** Available data follows **
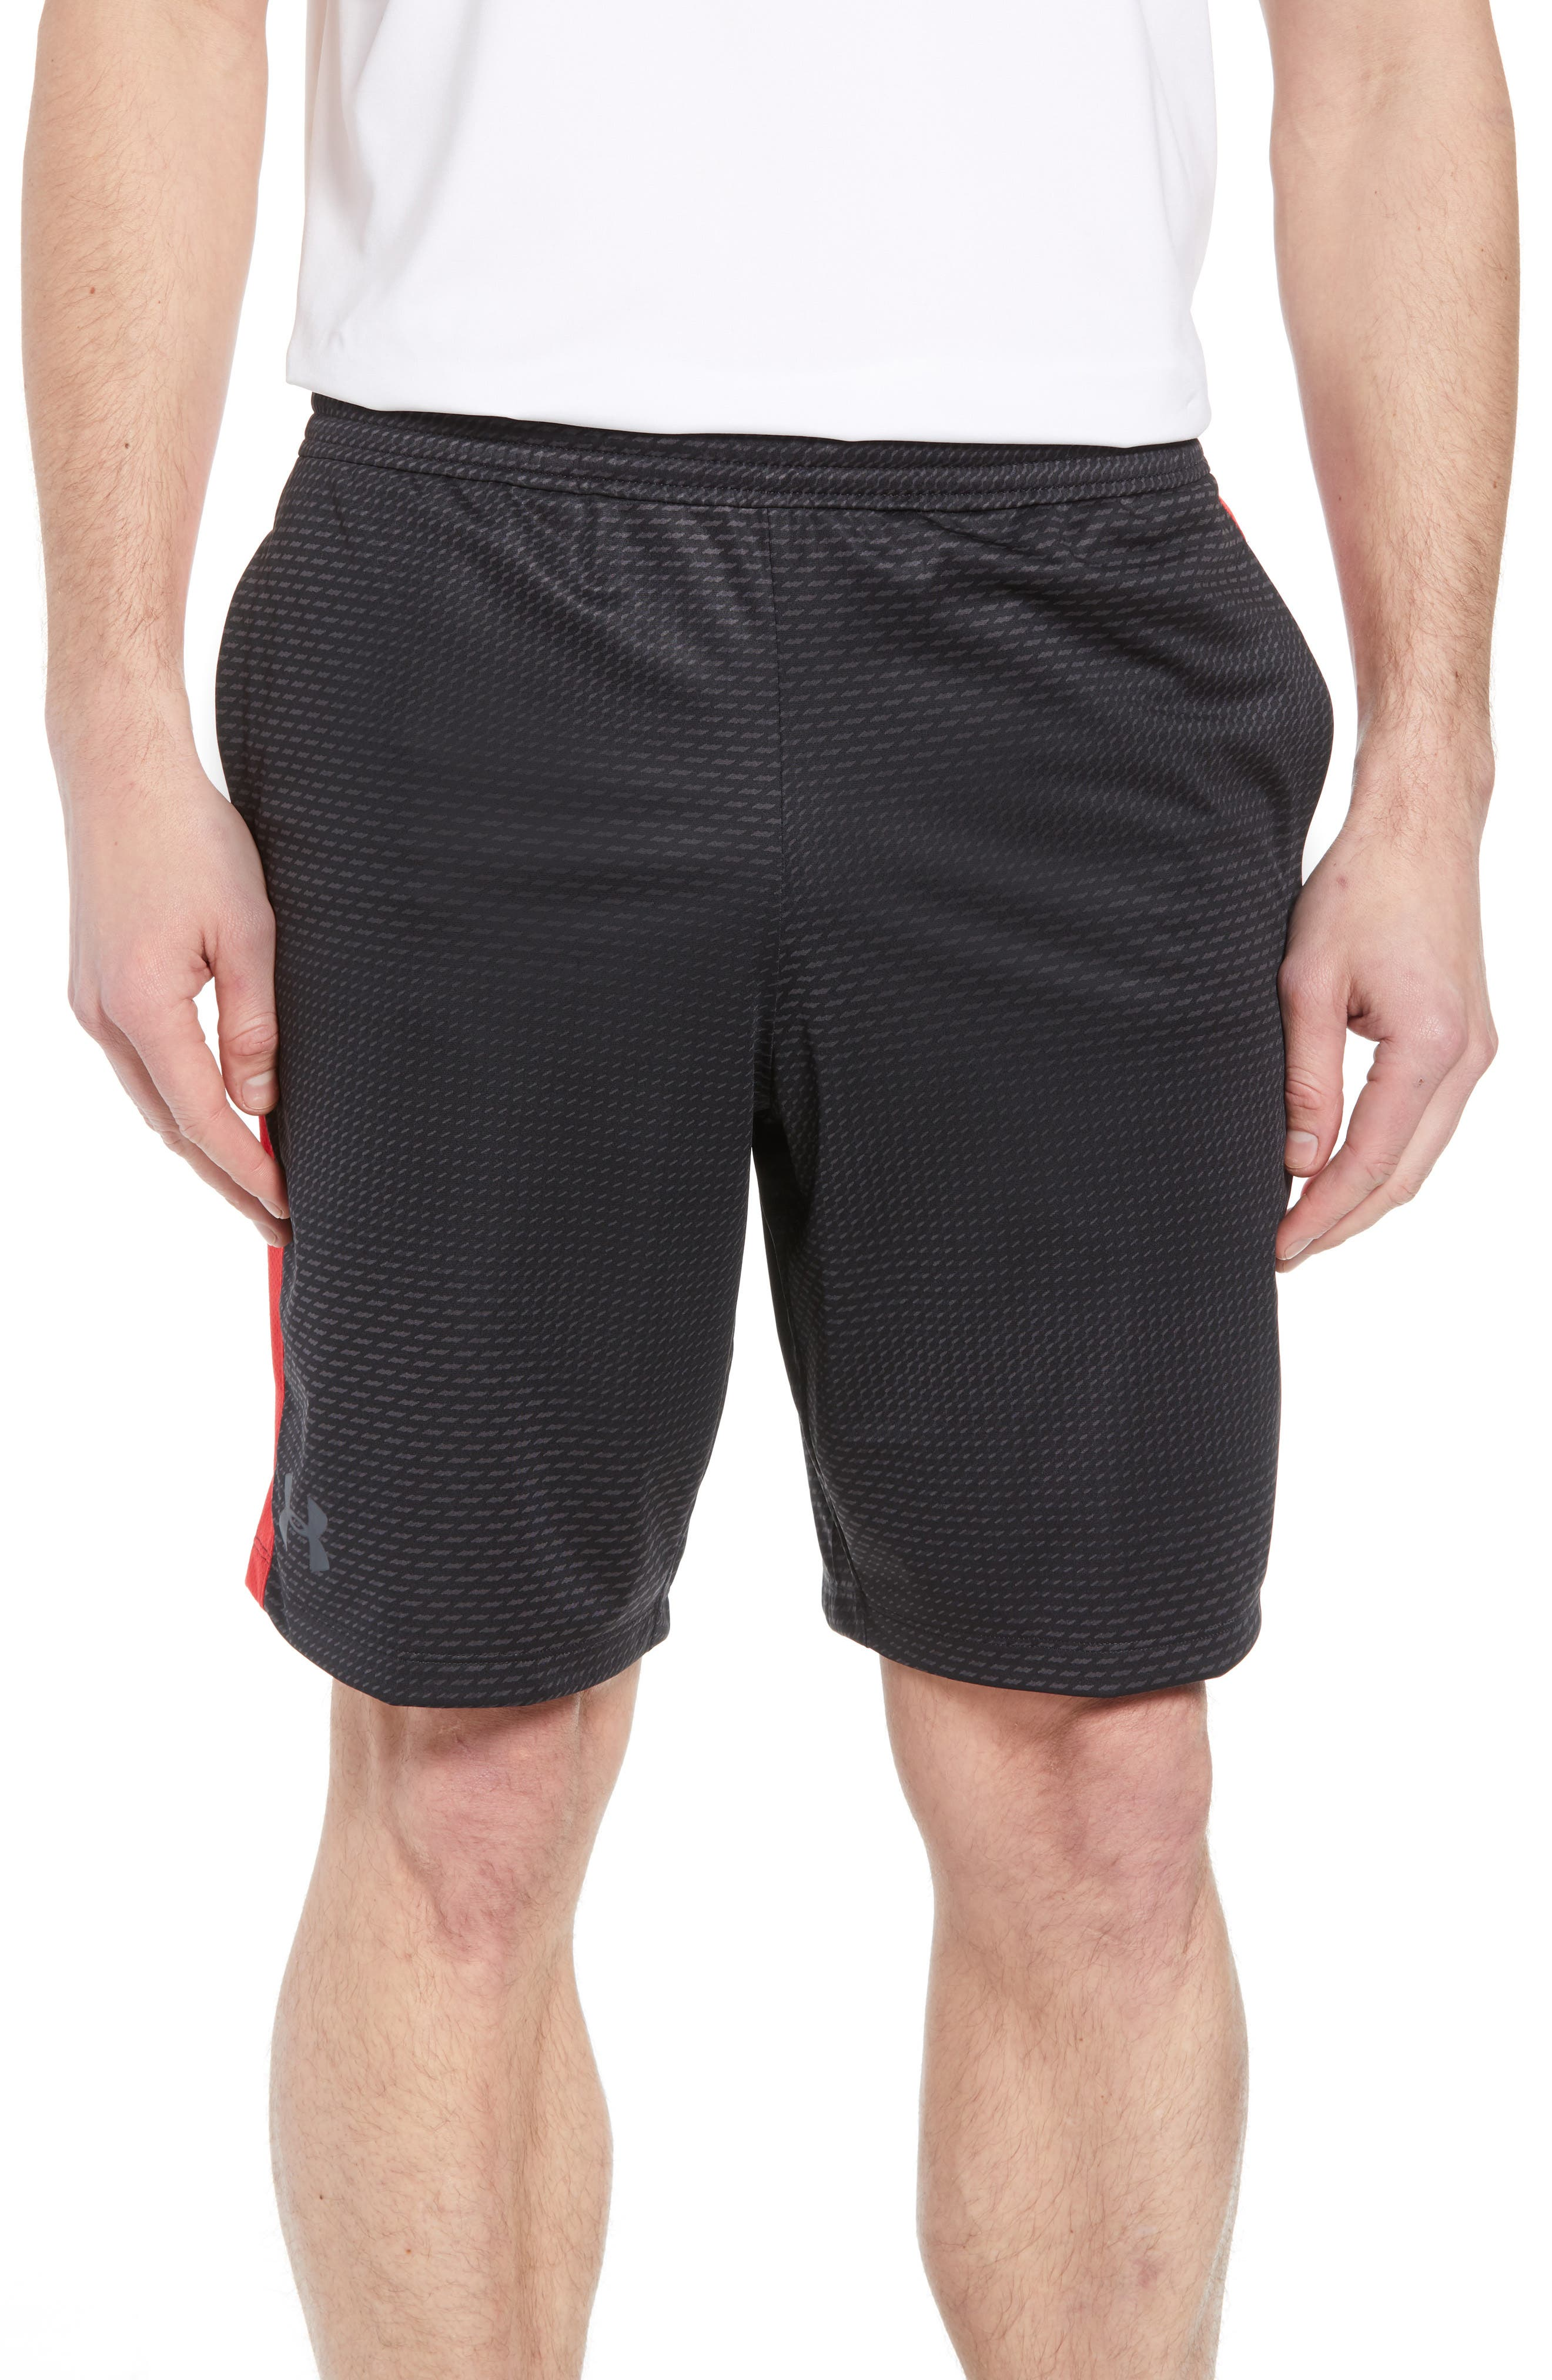 UNDER ARMOUR Raid 2.0 Classic Fit Shorts, Main, color, 001
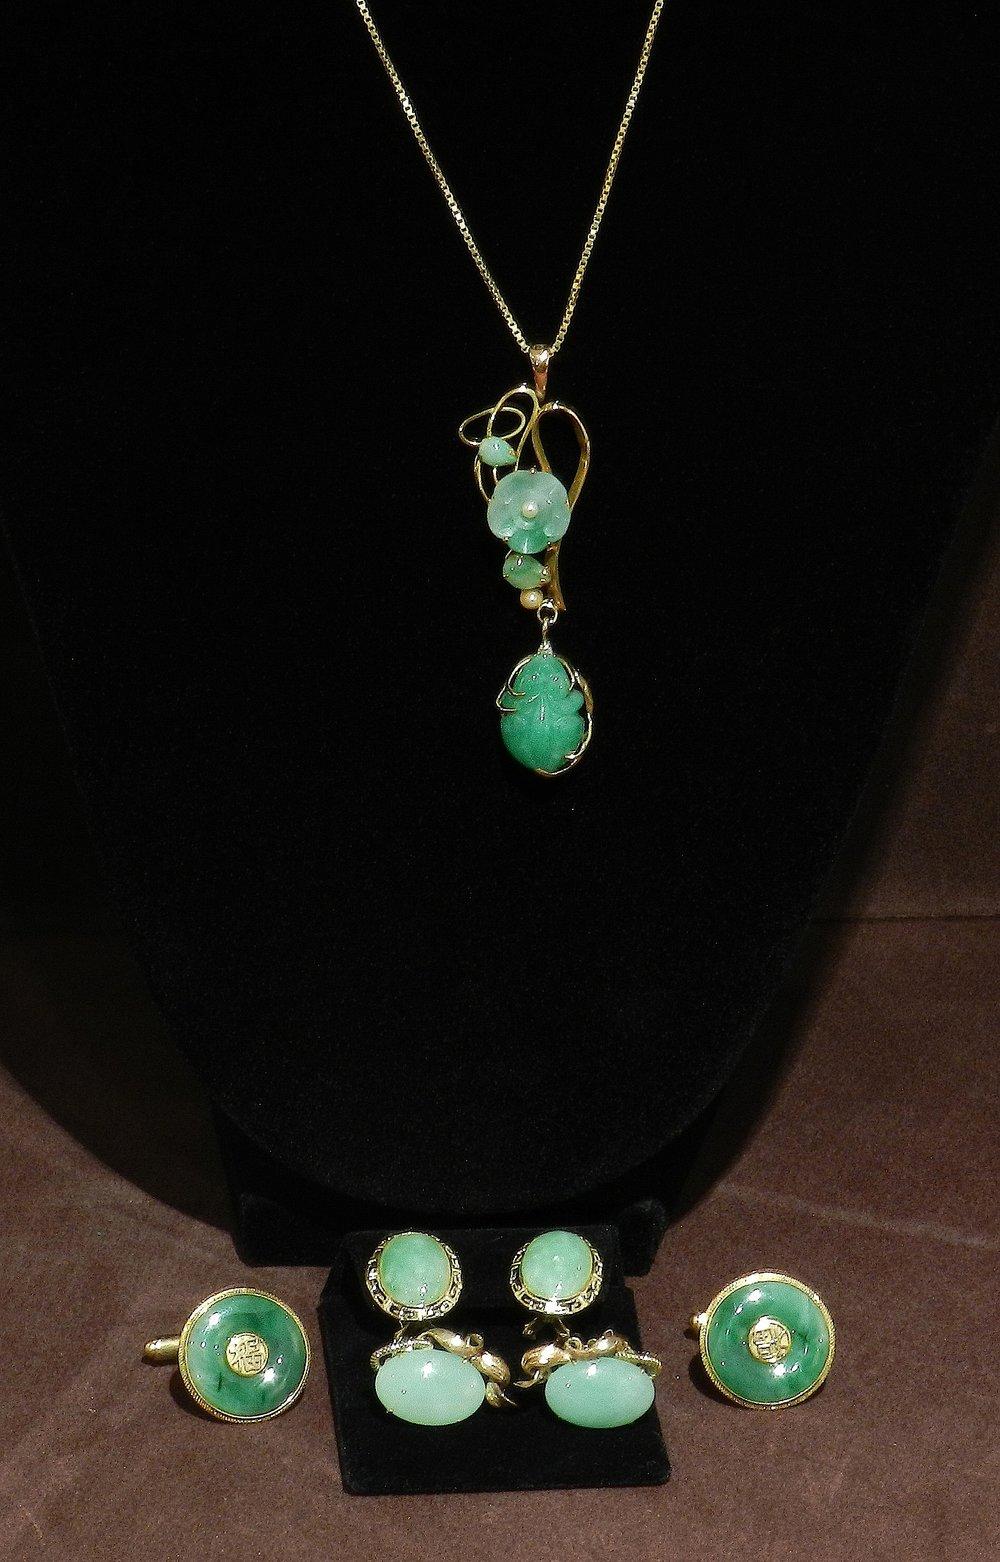 Assortment of Chinese Jadeite Jewellery
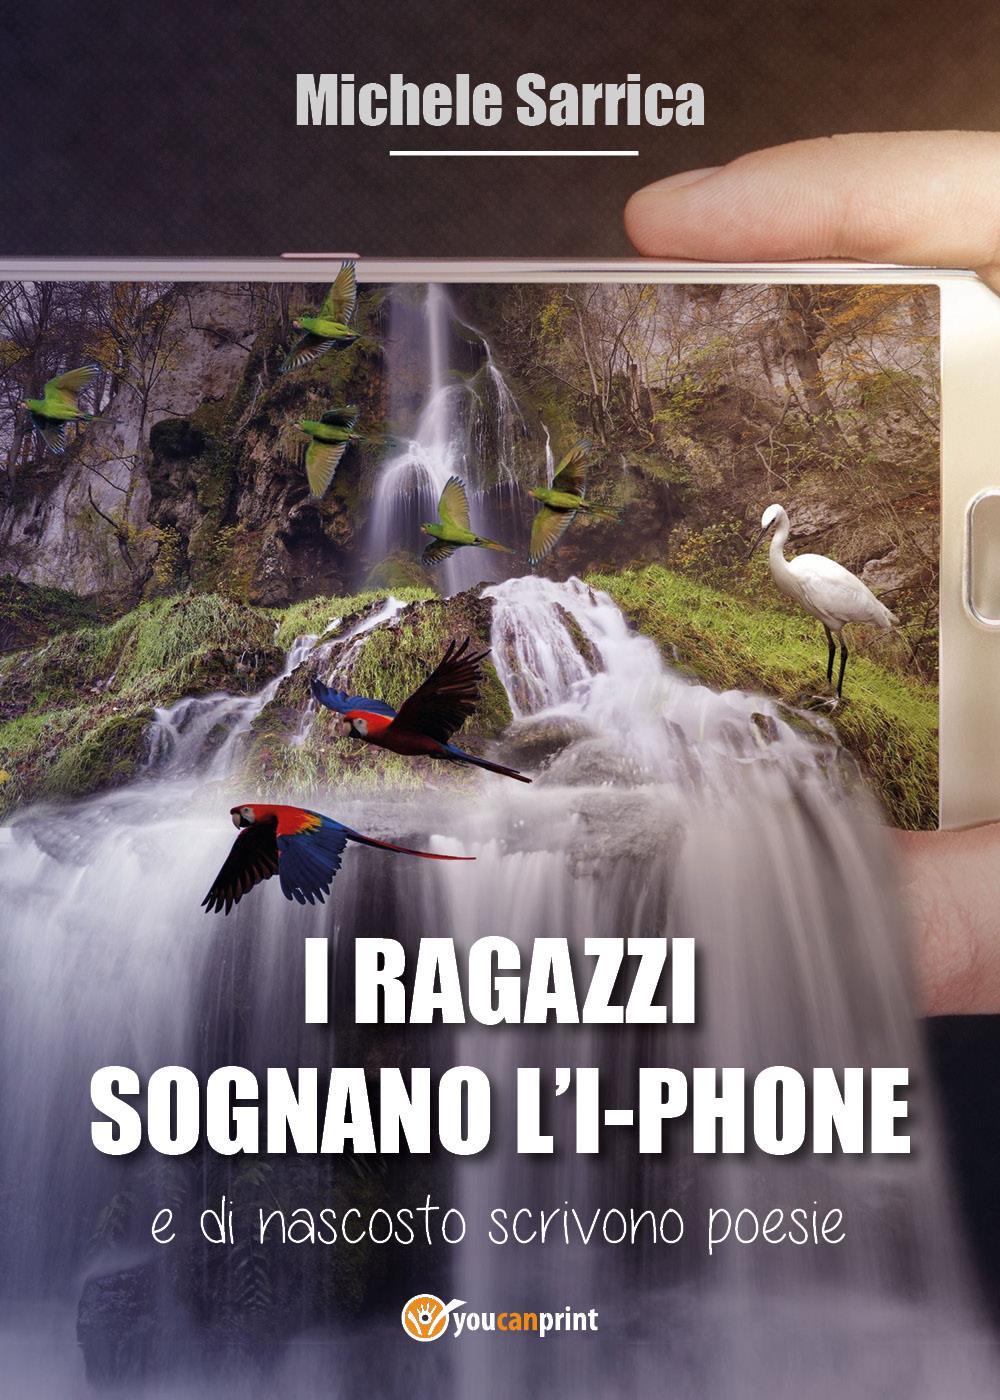 I RAGAZZI SOGNANO L'I-PHONE
** End of Available data **
## Task prompt
For this exercise, transcribe the data exactly but without its pictures.

## Answer for this exercise
 UNDER ARMOUR Raid 2.0 Classic Fit Shorts, Main, color, 001
 Assortment of Chinese Jadeite Jewellery
 I RAGAZZI SOGNANO L'I-PHONE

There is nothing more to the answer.